EXERCISE INSTRUCTIONS
Set down precisely the lines from the line with "Скатерть Schaefer, квадратная, цвет: серый, 85x" through the end of the material, inclusive, and no pictures.

RECORDED DATA
___
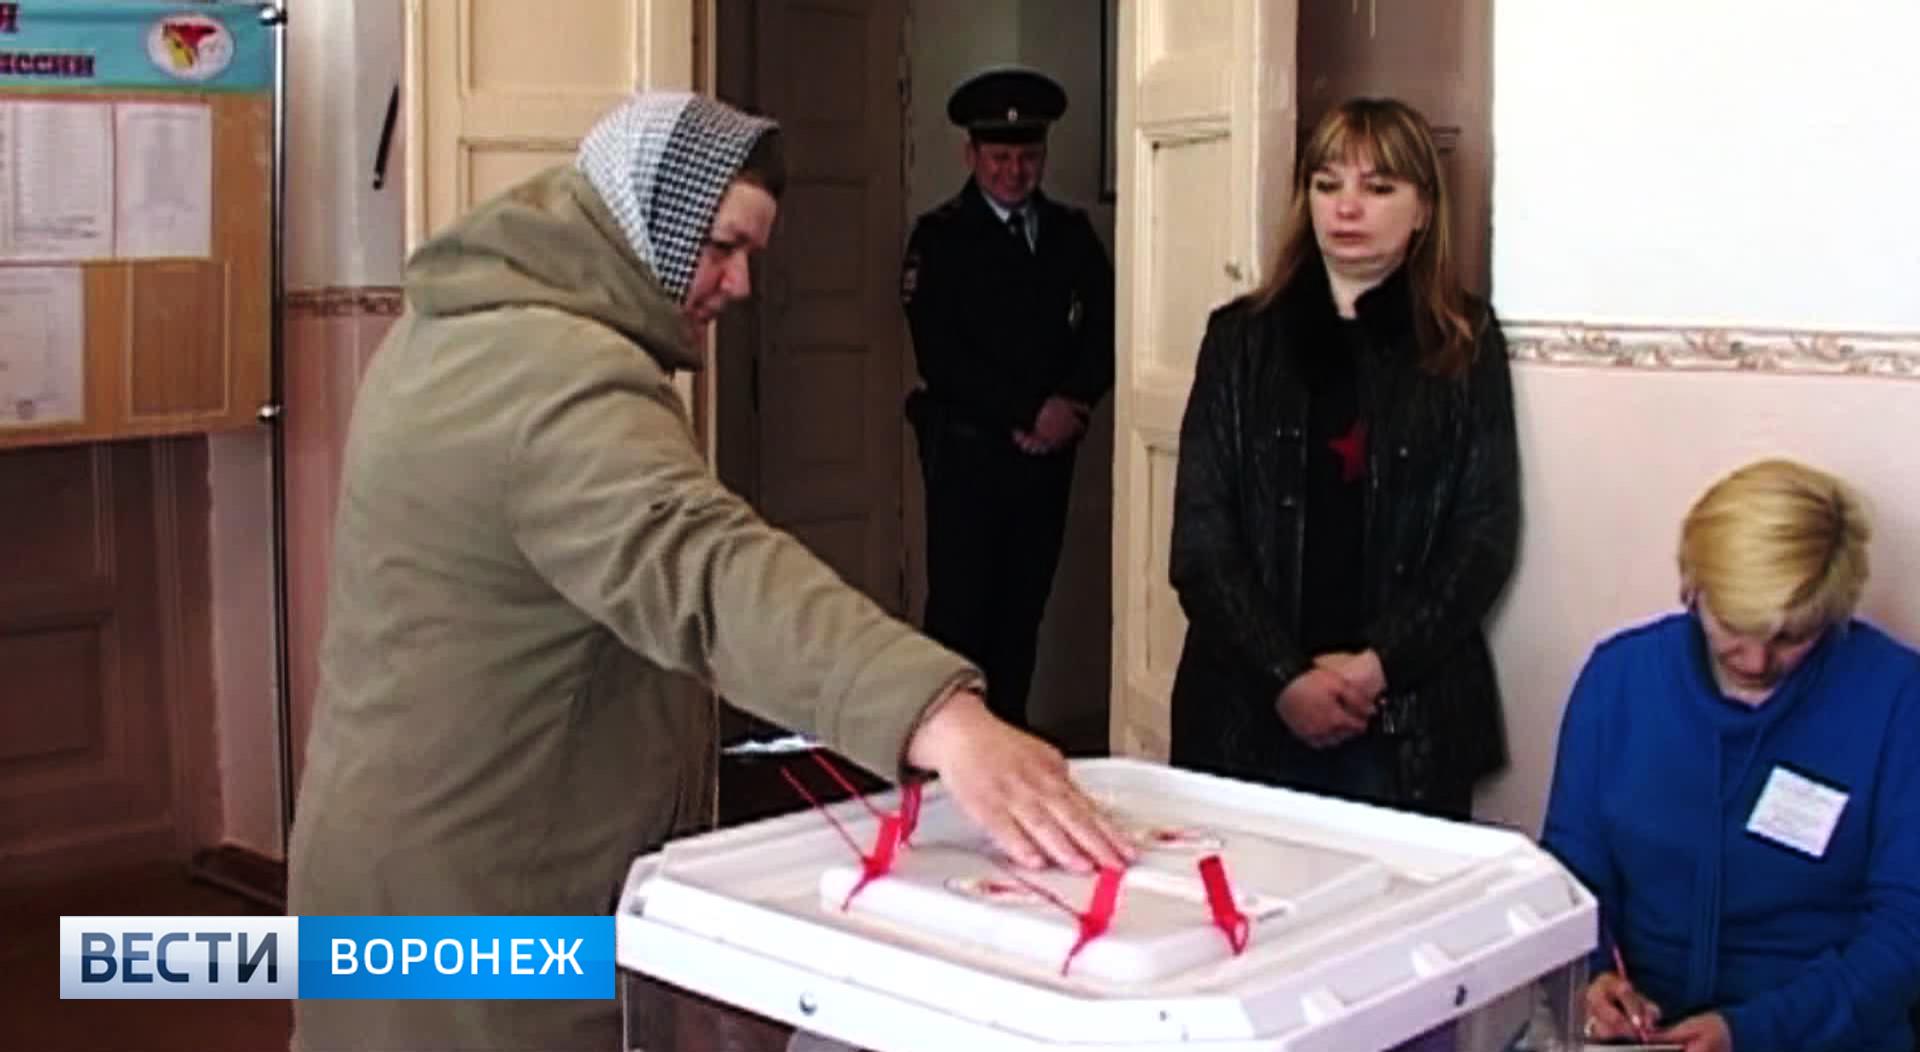 В бутурлиновском селе, где все народные избранники сложили полномочия, выбрали новых депутатов
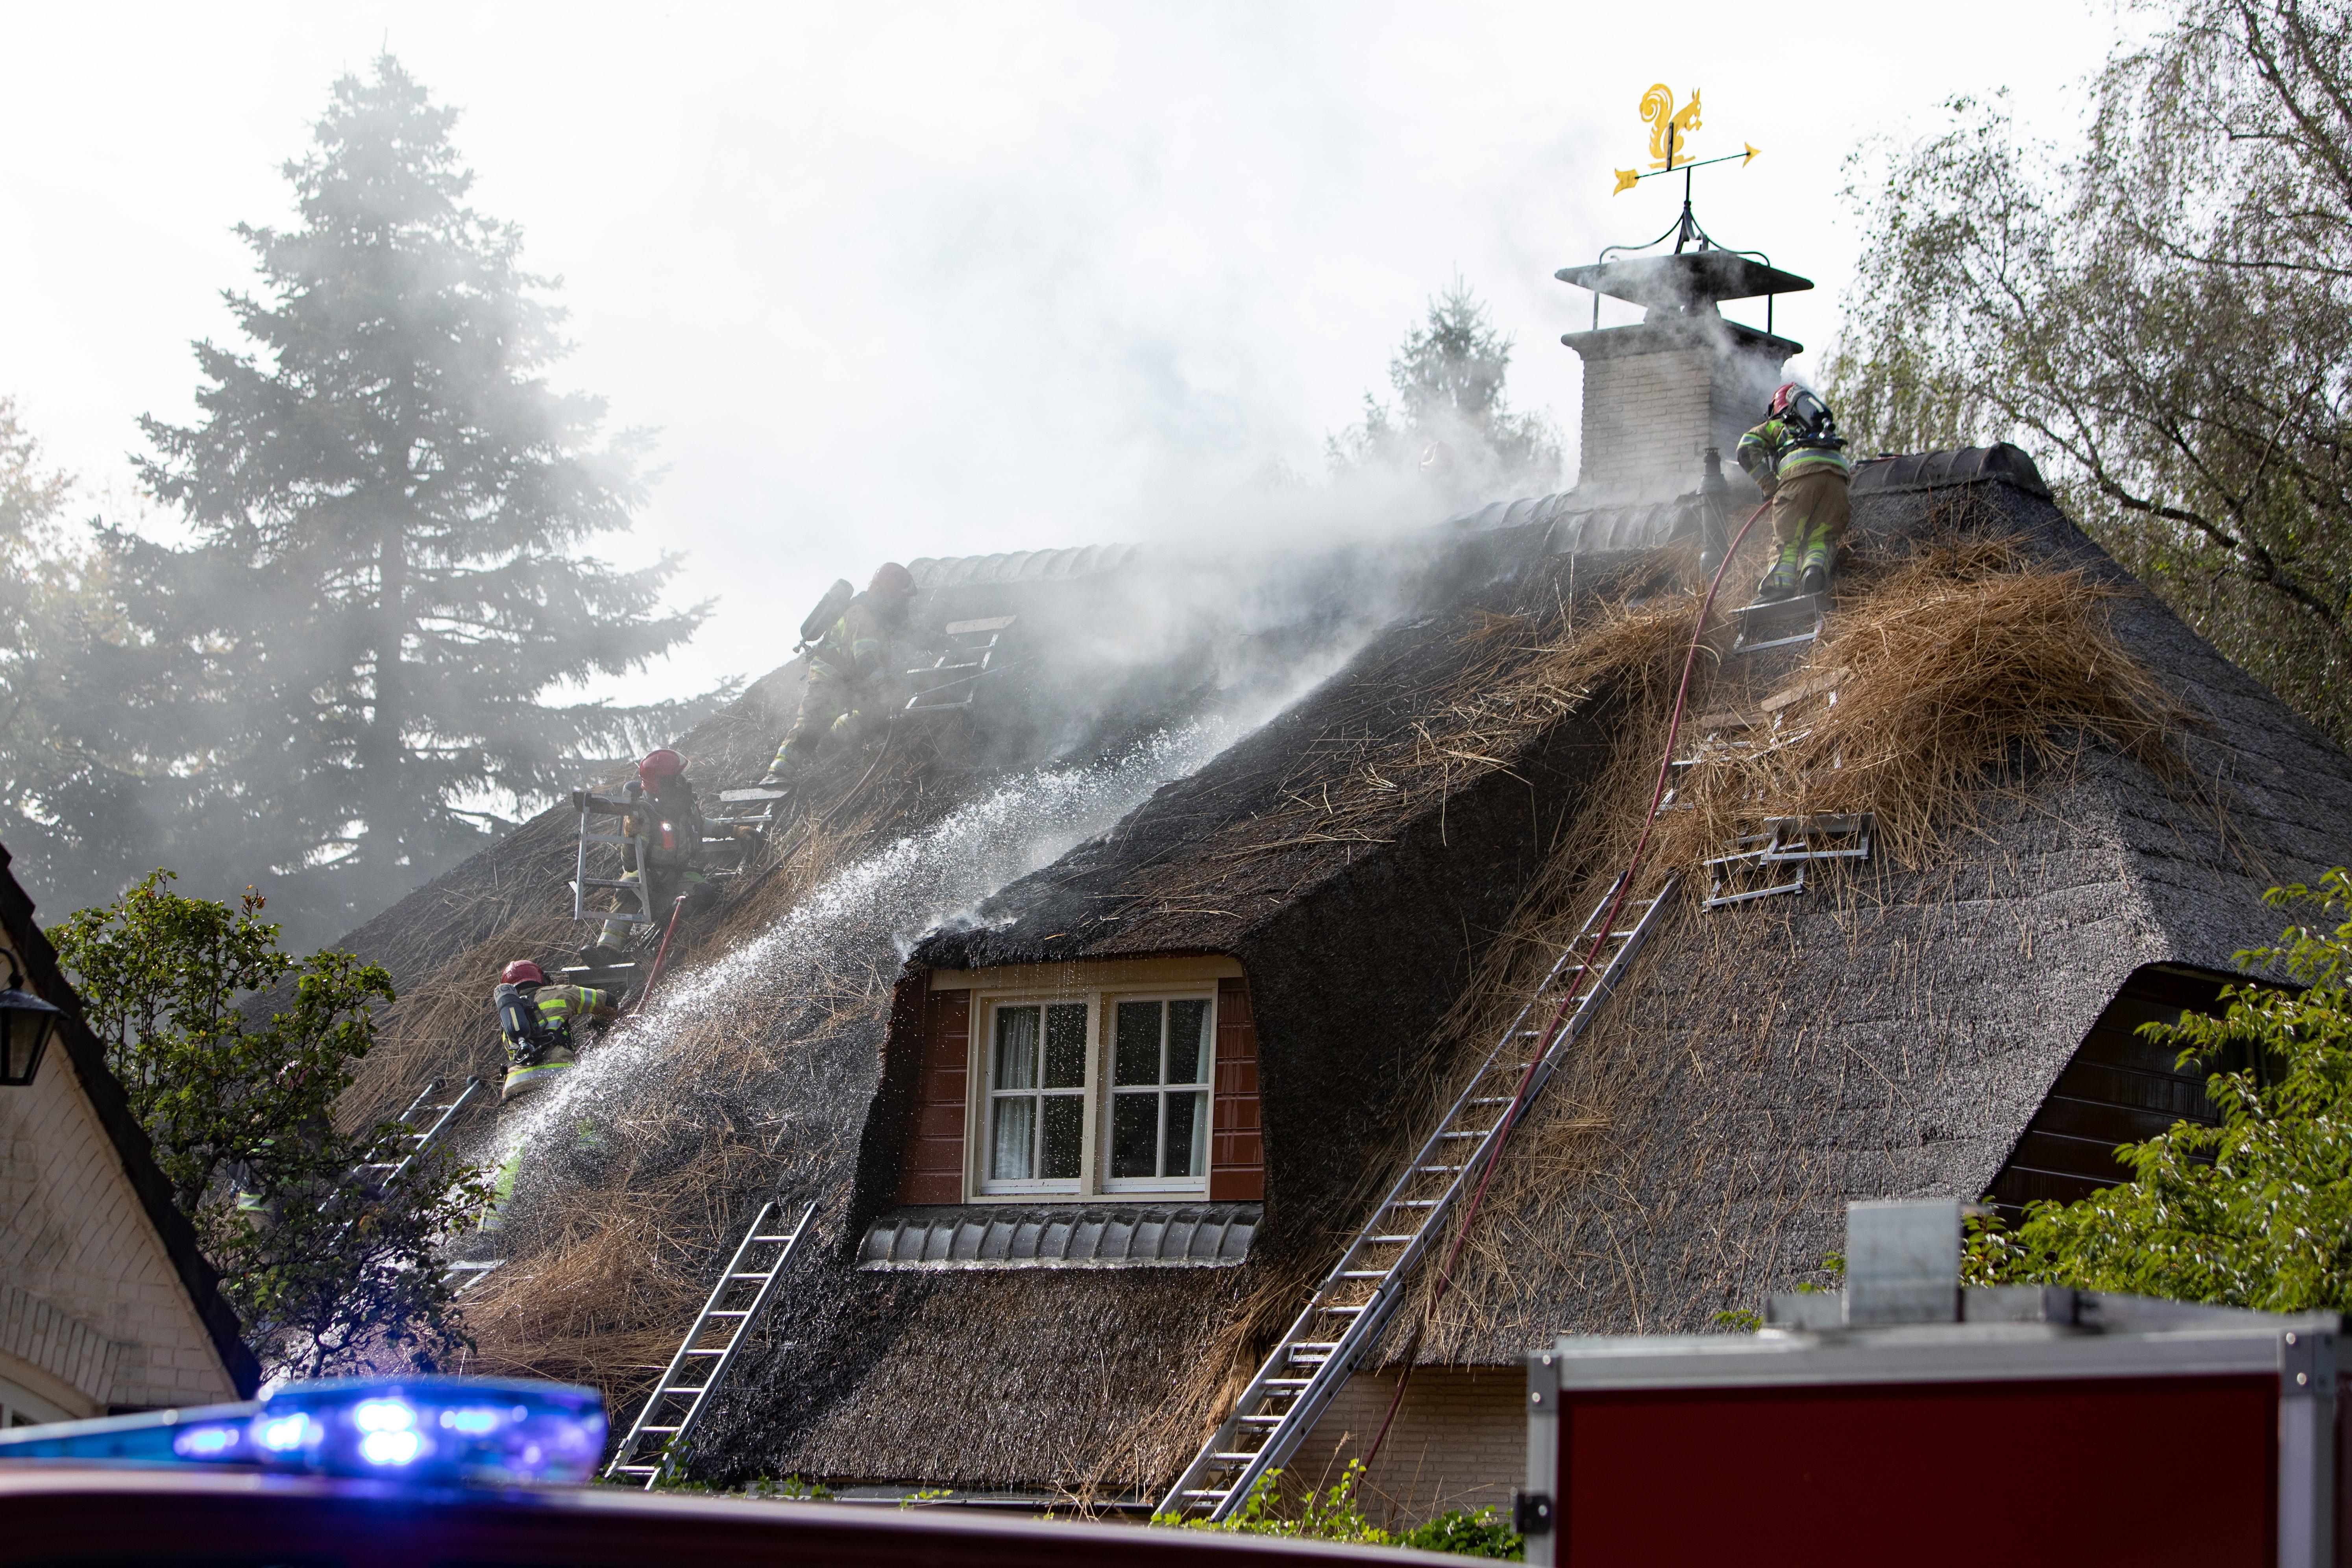 Schilders gaan vuur te lijf met een tuinslang om erger te voorkomen. Uitslaande brand verwoest rieten kap van Blaricumse villa
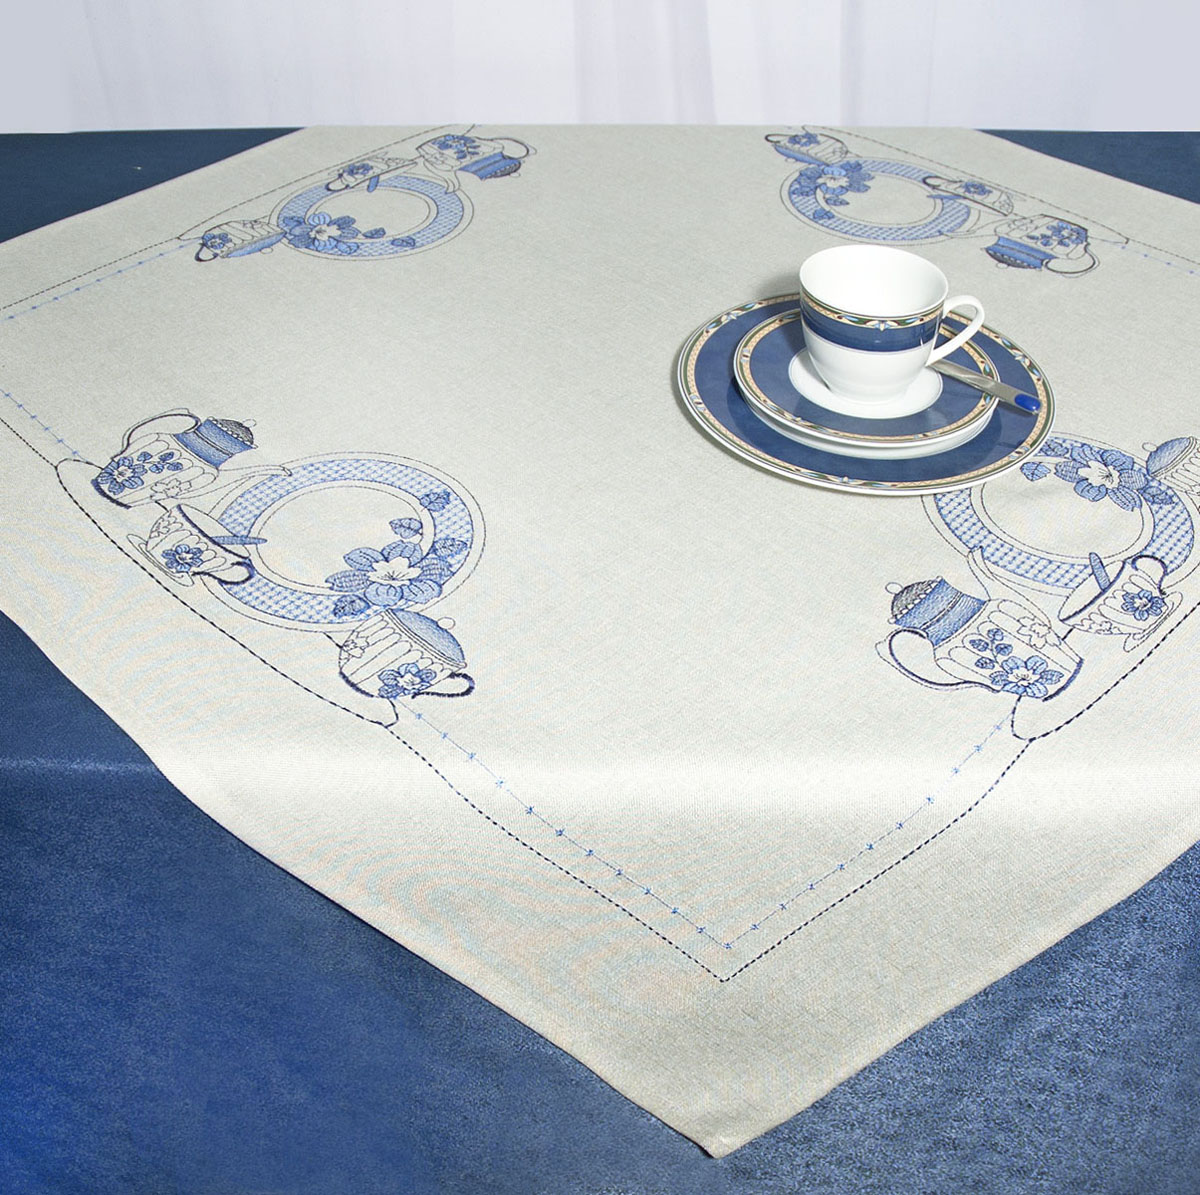 Скатерть Schaefer, квадратная, цвет: серый, 85x 85 см. 07480-100VT-1520(SR)Скатерть Schaefer изготовлена из полиэстера и украшена вышивкой в виде чайников, тарелок и др.Изделия из полиэстера легко стирать: они не мнутся, не садятся и быстро сохнут, они более долговечны, чем изделия из натуральных волокон. Кроме того, ткань обладает водоотталкивающими свойствами. Такая скатерть будет просто не заменима на кухне, а особенно на вашем обеденном столе на даче под открытым небом. Скатерть Schaefer не останется без внимания ваших гостей, а вас будет ежедневно радовать ярким дизайном и несравненным качеством.Немецкая компания Schaefer создана в 1921 году. На протяжении всего времени существования она создает уникальные коллекции домашнего текстиля для гостиных, спален, кухонь и ванных комнат. Дизайнерские идеи немецких художников компании Schaefer воплощаются в текстильных изделиях, которые сделают ваш дом красивее и уютнее и не останутся незамеченными вашими гостями. Дарите себе и близким красоту каждый день! Изысканный текстиль от немецкой компании Schaefer - это красота, стиль и уют в вашем доме.
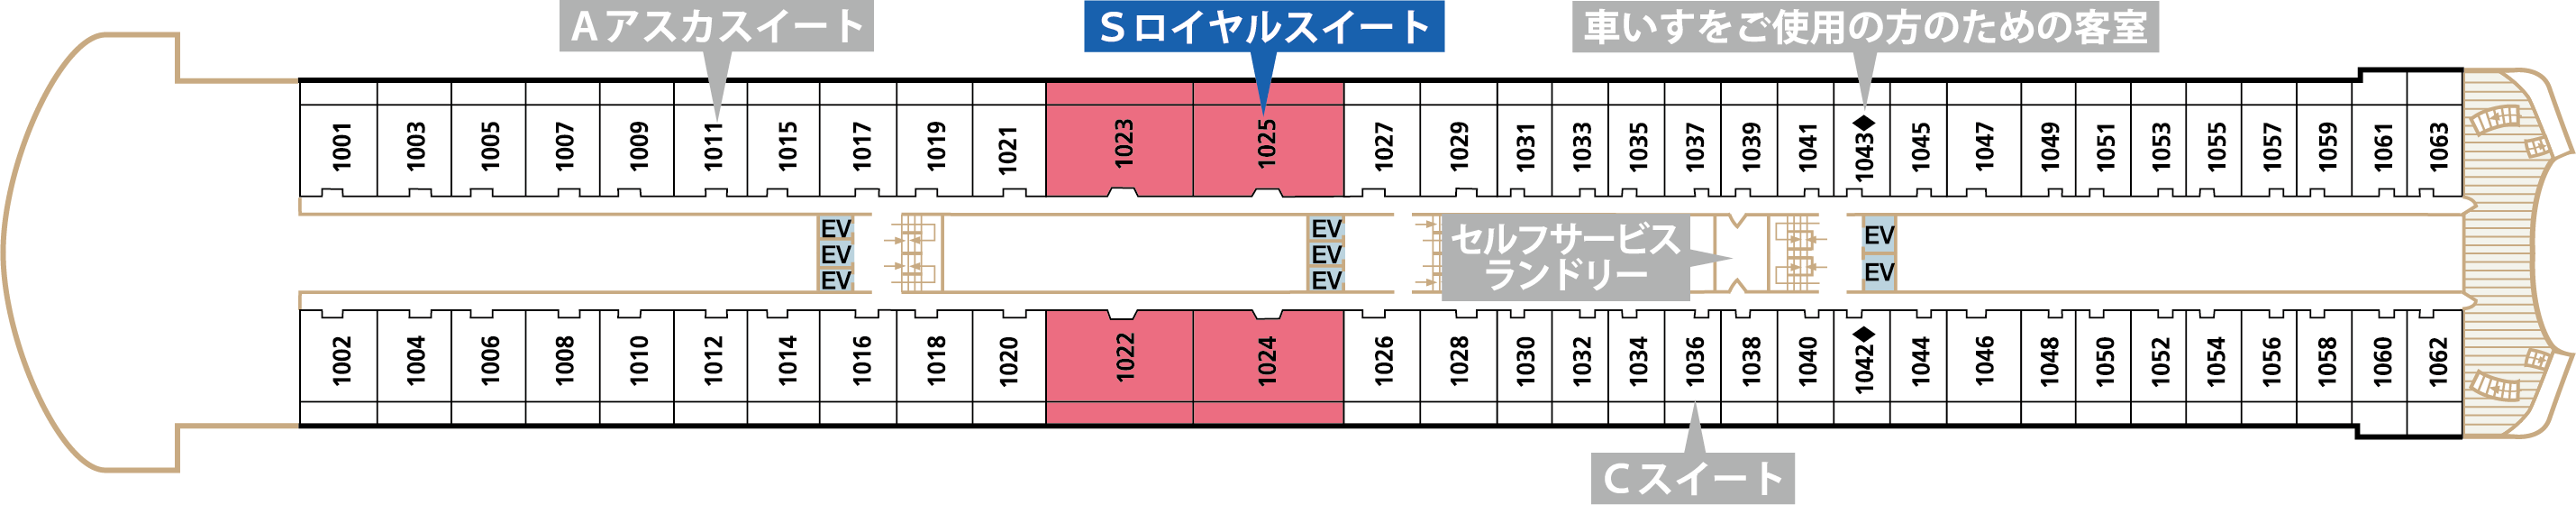 Deck10 アスカデッキ Sロイヤルスイート
___
REPLY TO THE EXERCISE
 Скатерть Schaefer, квадратная, цвет: серый, 85x 85 см. 07480-100VT-1520(SR)Скатерть Schaefer изготовлена из полиэстера и украшена вышивкой в виде чайников, тарелок и др.Изделия из полиэстера легко стирать: они не мнутся, не садятся и быстро сохнут, они более долговечны, чем изделия из натуральных волокон. Кроме того, ткань обладает водоотталкивающими свойствами. Такая скатерть будет просто не заменима на кухне, а особенно на вашем обеденном столе на даче под открытым небом. Скатерть Schaefer не останется без внимания ваших гостей, а вас будет ежедневно радовать ярким дизайном и несравненным качеством.Немецкая компания Schaefer создана в 1921 году. На протяжении всего времени существования она создает уникальные коллекции домашнего текстиля для гостиных, спален, кухонь и ванных комнат. Дизайнерские идеи немецких художников компании Schaefer воплощаются в текстильных изделиях, которые сделают ваш дом красивее и уютнее и не останутся незамеченными вашими гостями. Дарите себе и близким красоту каждый день! Изысканный текстиль от немецкой компании Schaefer - это красота, стиль и уют в вашем доме.
 Deck10 アスカデッキ Sロイヤルスイート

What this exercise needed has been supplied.